1) Vitamin D is ESSENTIAL is calcium absoprtion, as well as bone development. If you are trying to manage osteoporosis, or better yet, prevent it, Vit D is as essential as calcium.
2) People with low back pain have been found to be vitamin D deficient. The link here is not limited to the low back, however. If you are a frequent sufferer of musculoskeletal pain and/or stiffness, you too may be deficient. Subsequently, when these people were supplemented with vitamin D, their pain eased and/or disappeared.
3) Vitamin D upregulates anti-microbial peptides in the body. Or, more simply put, it helps produce proteins that fight bacteria, viruses and fungi....
naturally. So, to prevent the colds and flu going around, vitamin D makes perfect sense. In fact, there is an entire theory that links the cold and flu season (winter) to the fact that we have fewer hours of sunshine per day (and therefore, fewer opportunities to bask in said sunshine).
There are so many research projects continuing to study the effects of vitamin D and, more importantly, how vitamin D deficiency could be contributing to the increase in chronic and subclincal diseases in this country.

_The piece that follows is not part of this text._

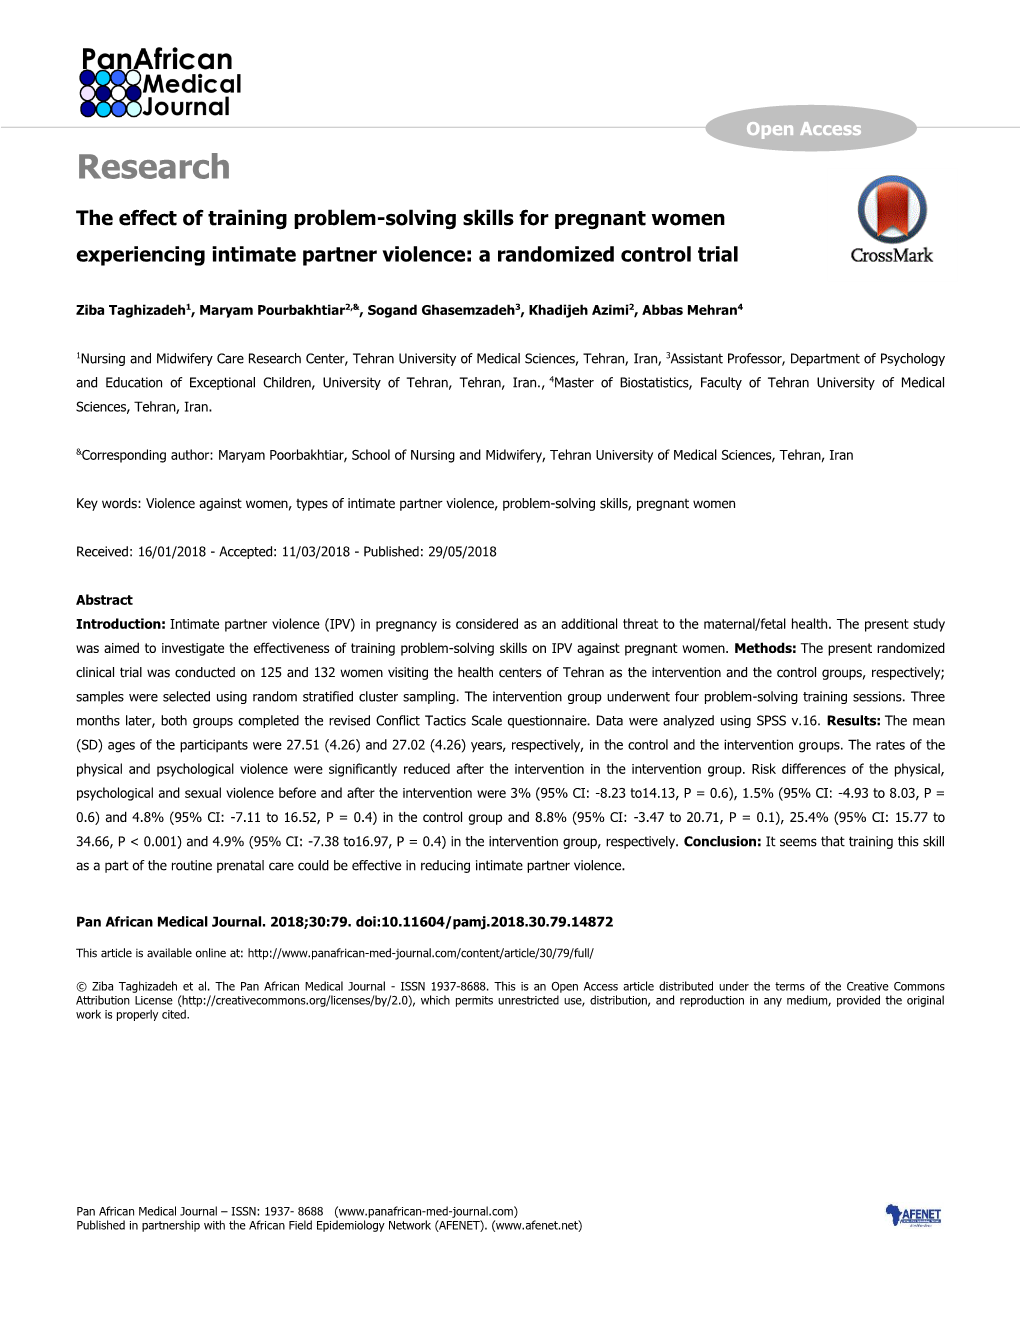 Research the Effect of Training Problem-Solving Skills for Pregnant Women Experiencing Intimate Partner Violence: a Randomized Control Trial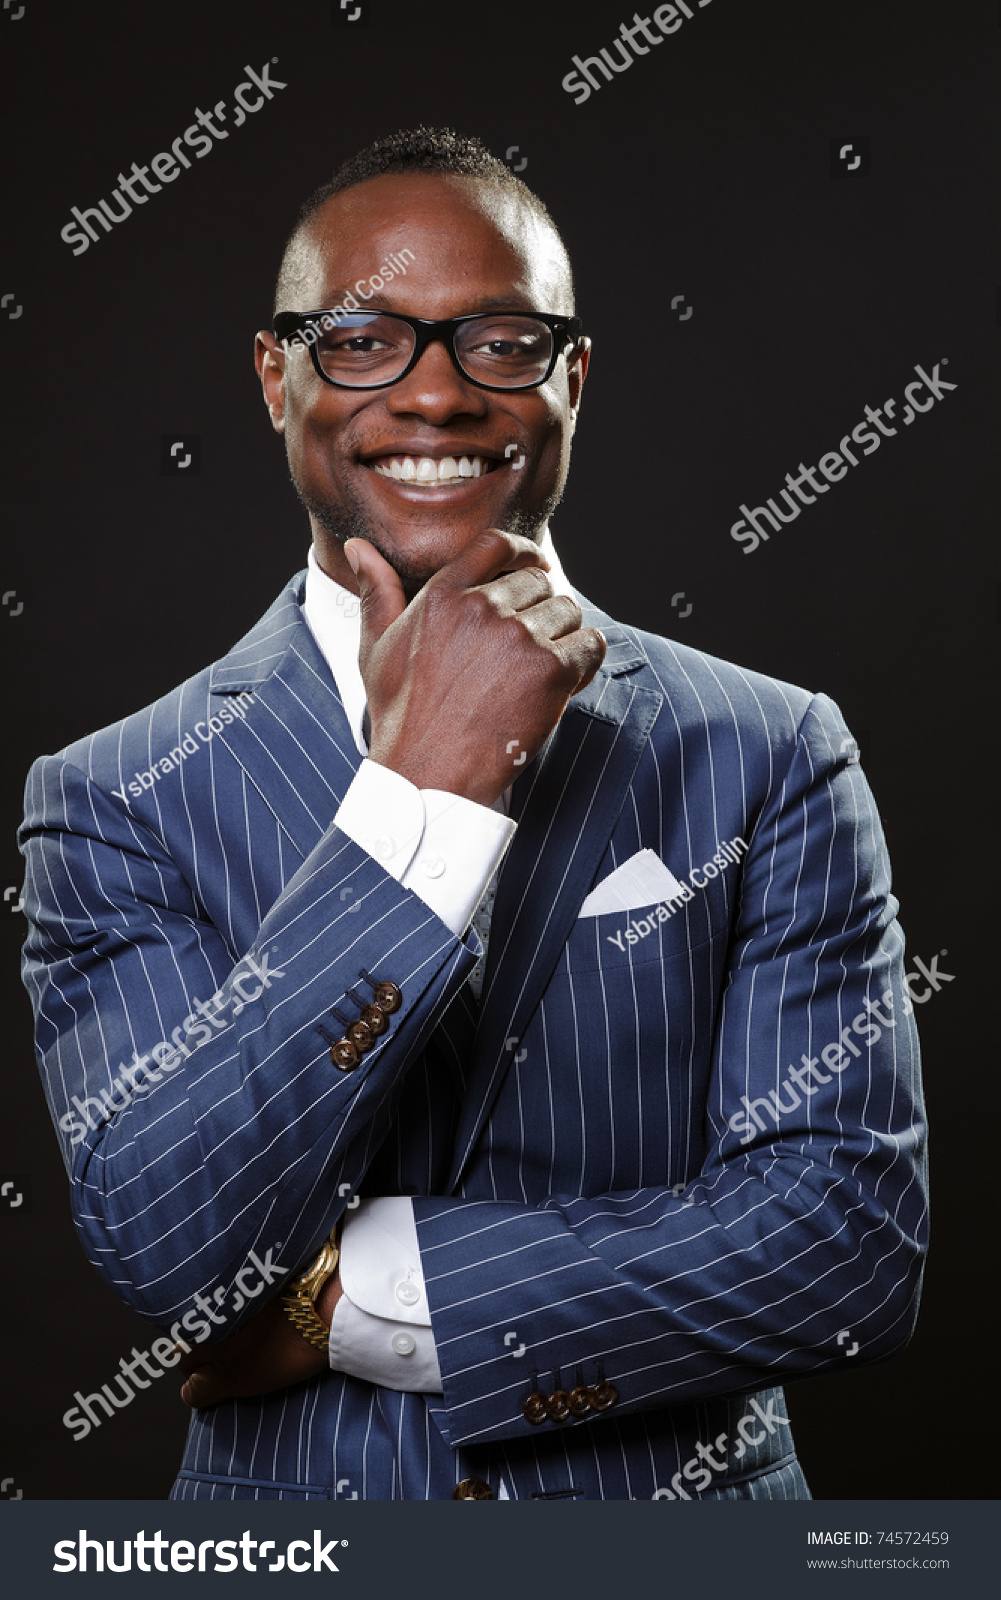 Smiling Young Black Business Man Wearing Suit And Glasses. Stock Photo ...

So how much should you take? Well, the RDA for adults still stands at 400 IU. In my opinion, you could take 1000 IU and be OK. If you want to be certain, you can have your doctor do a simple blood test to make sure that you won't overdose. Technically, since vitamin D is a fat soluable vitamin, it is possible to overdose. However, studies I'm seeing were supplementing people with 4000 IU and more with no side effects. These people were also chosen for these studies because they were deficient. According to the article I read that the AAP is recommending 400 IU for kids, the vitamin D researcher out of Oregon State University said that the new recommendations were safe and conservative, but probably not enough, and that adults could easily take 800-1000 IU per day.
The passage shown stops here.